Would you transcribe the records below from the line with "Rose Garden・2 〜Confetti and Semifreddo" to the line with "Лялька Rainbow High", ends included, exactly and with nothing more, leaving the pictures out?

AVAILABLE RECORDS —
┄┄┄┄┄┄
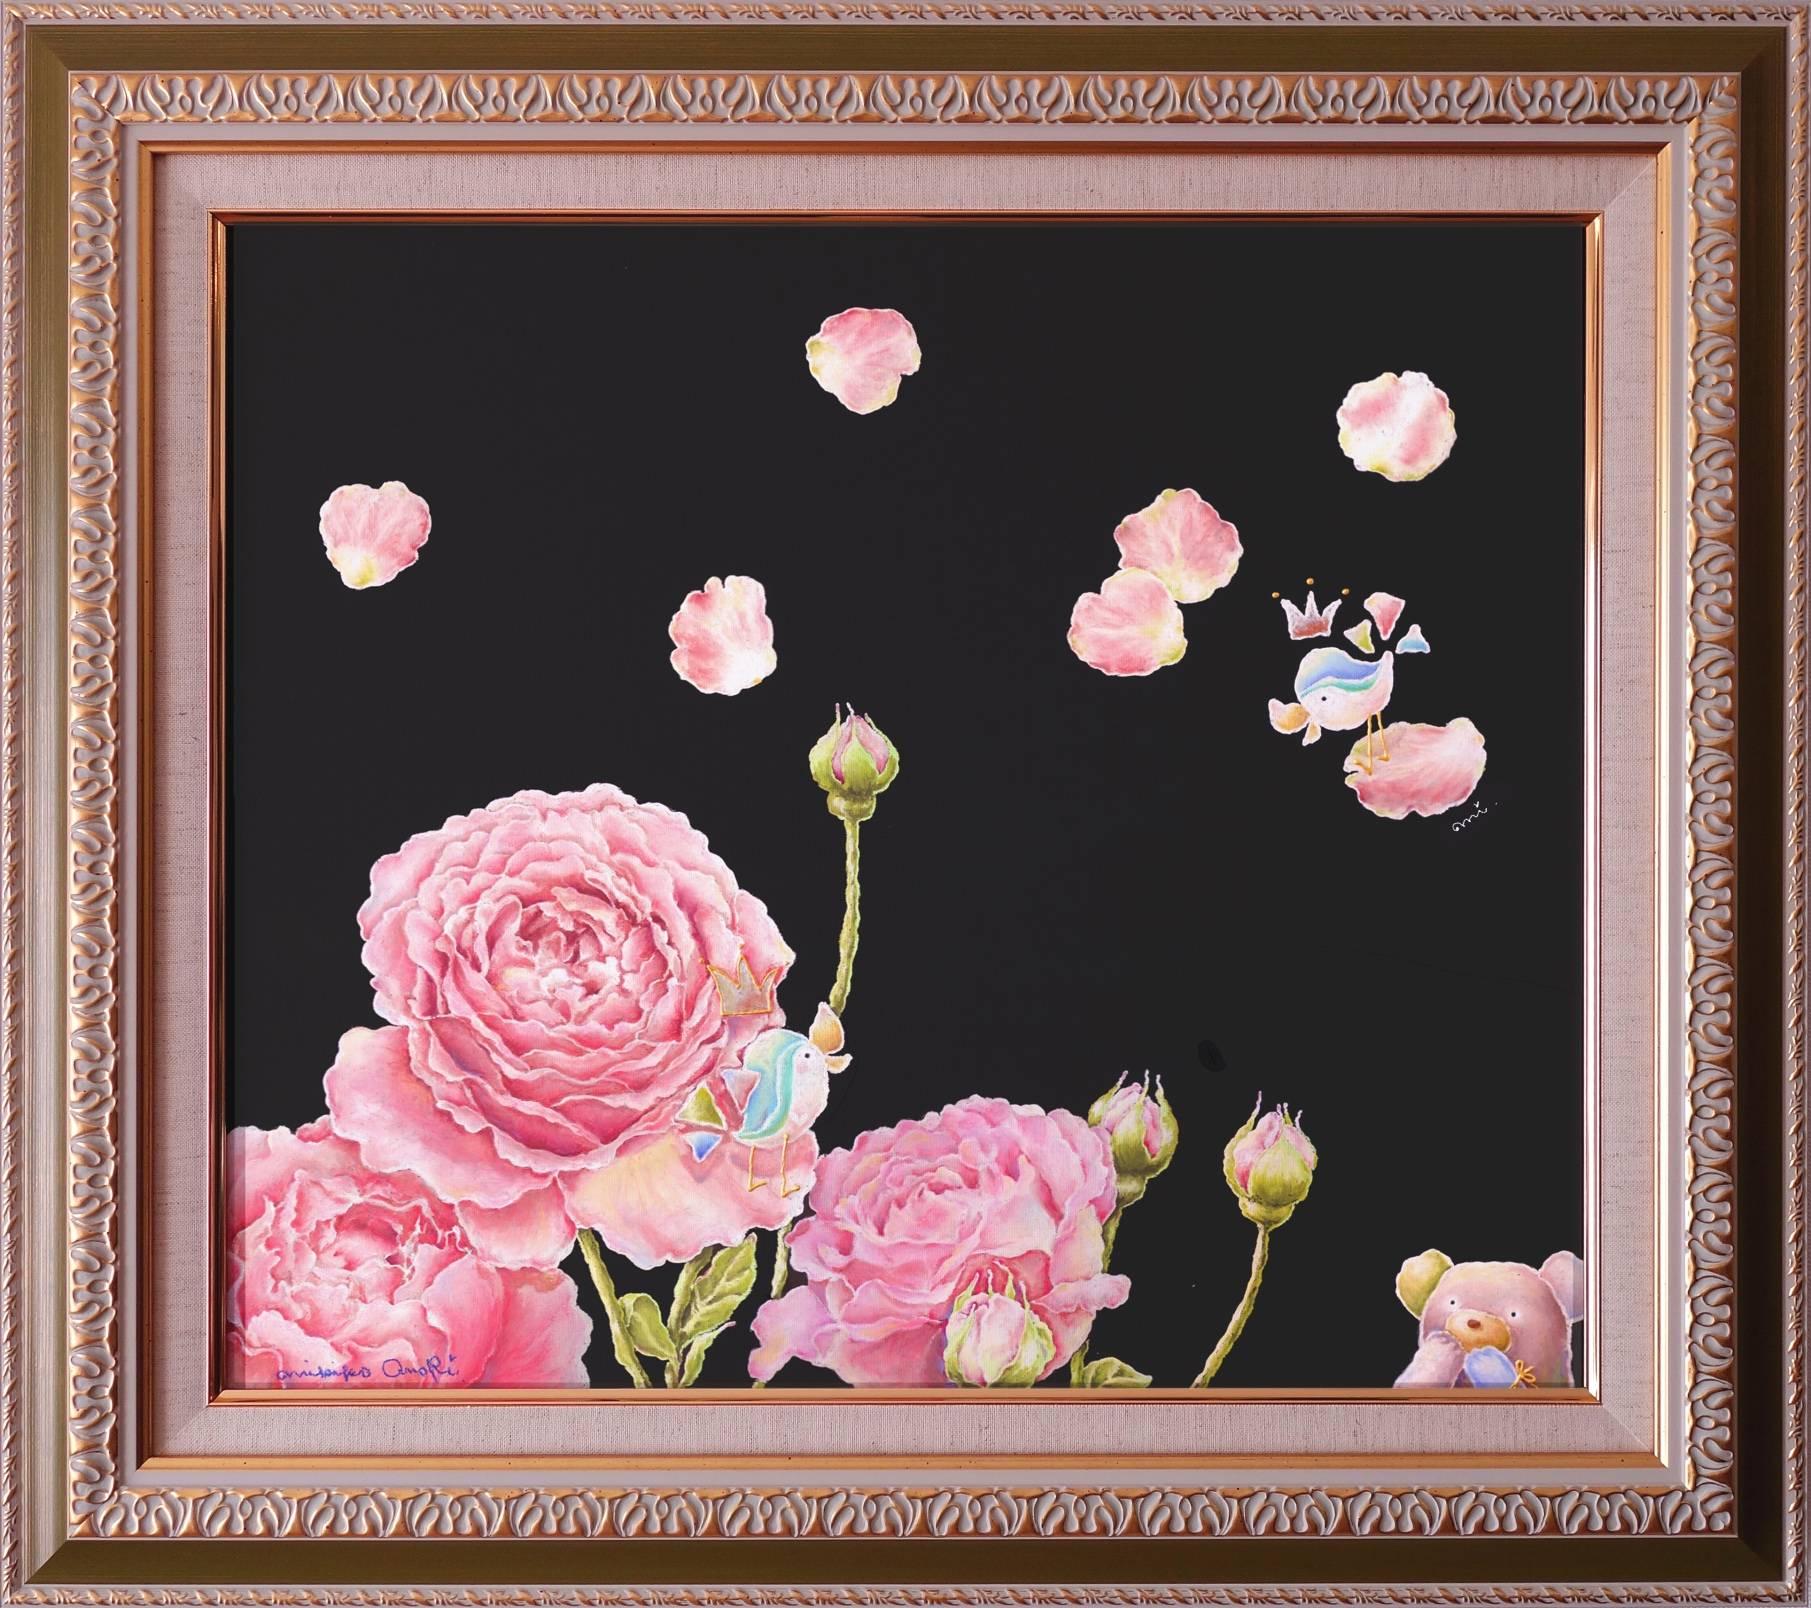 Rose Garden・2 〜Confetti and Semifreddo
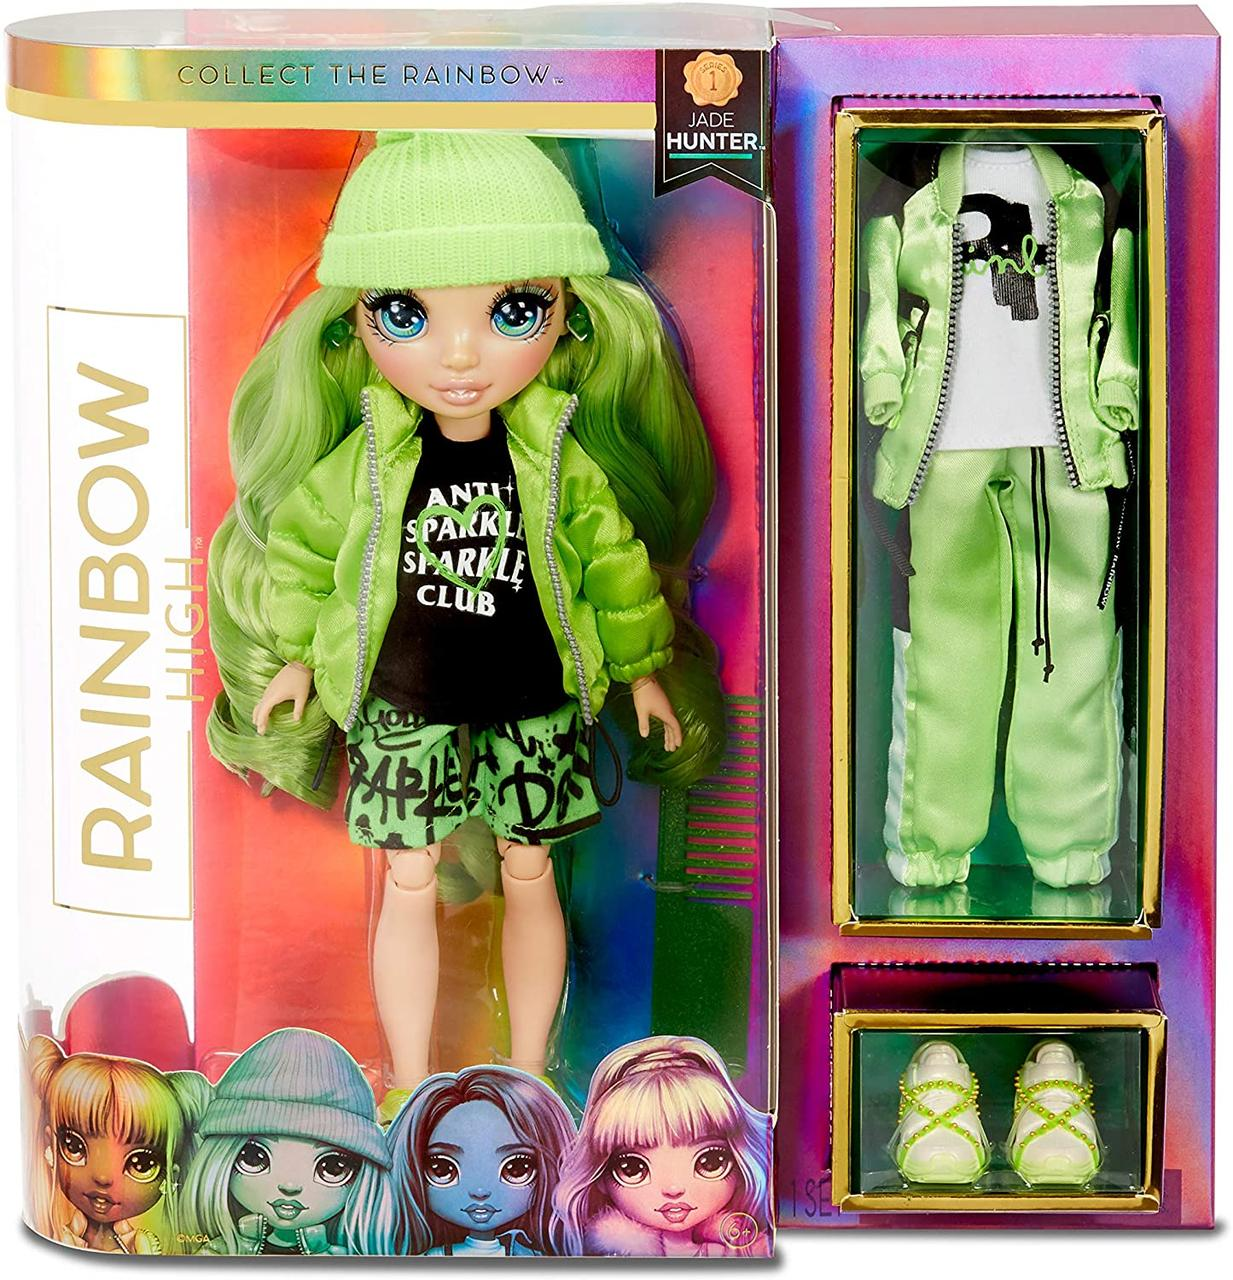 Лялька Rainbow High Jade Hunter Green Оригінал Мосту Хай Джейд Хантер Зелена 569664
┄┄┄┄┄┄
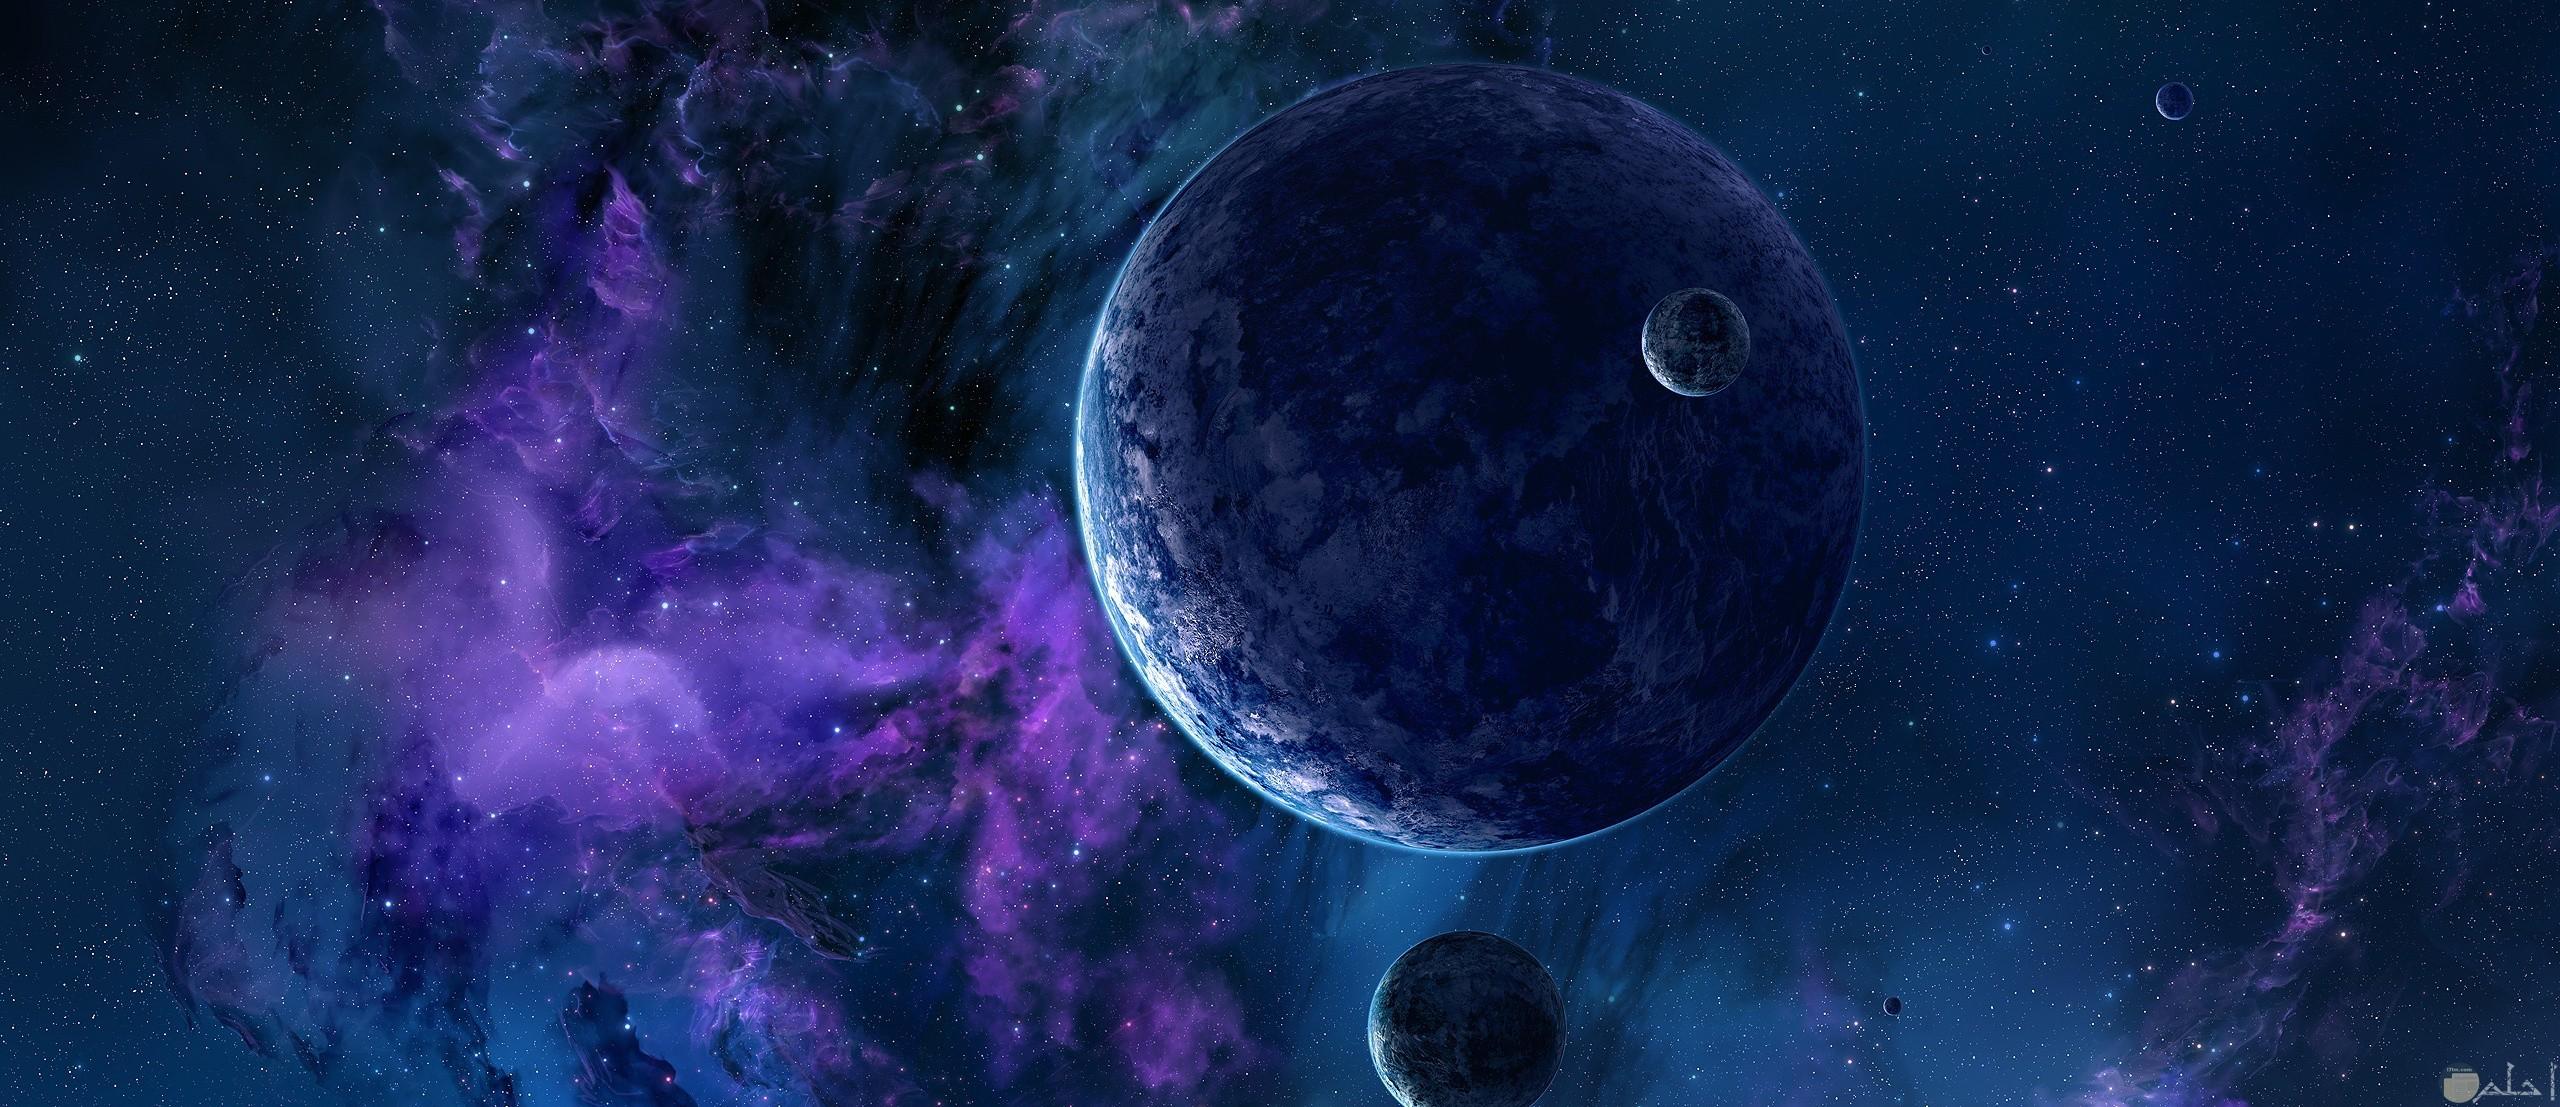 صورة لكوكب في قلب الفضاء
┄┄┄┄┄┄
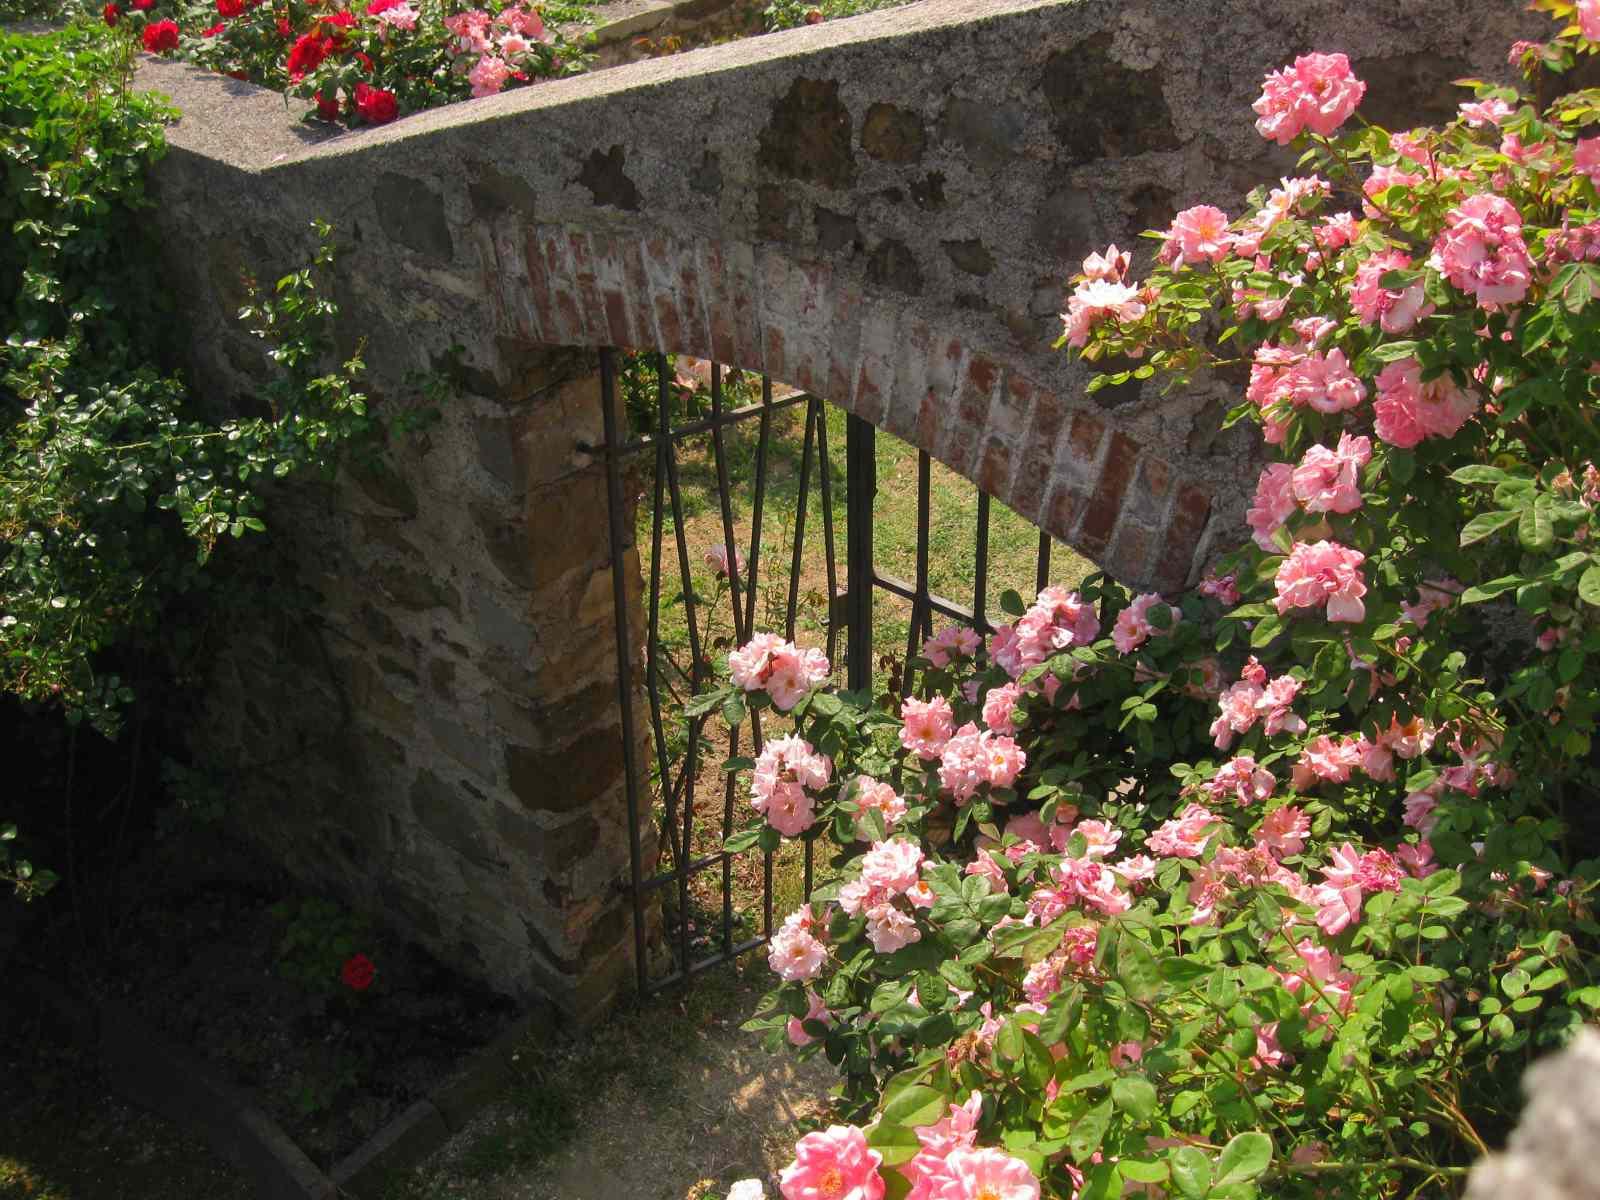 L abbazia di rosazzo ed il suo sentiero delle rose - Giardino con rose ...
┄┄┄┄┄┄
TASK SOLUTION —
 Rose Garden・2 〜Confetti and Semifreddo
 Лялька Rainbow High Jade Hunter Green Оригінал Мосту Хай Джейд Хантер Зелена 569664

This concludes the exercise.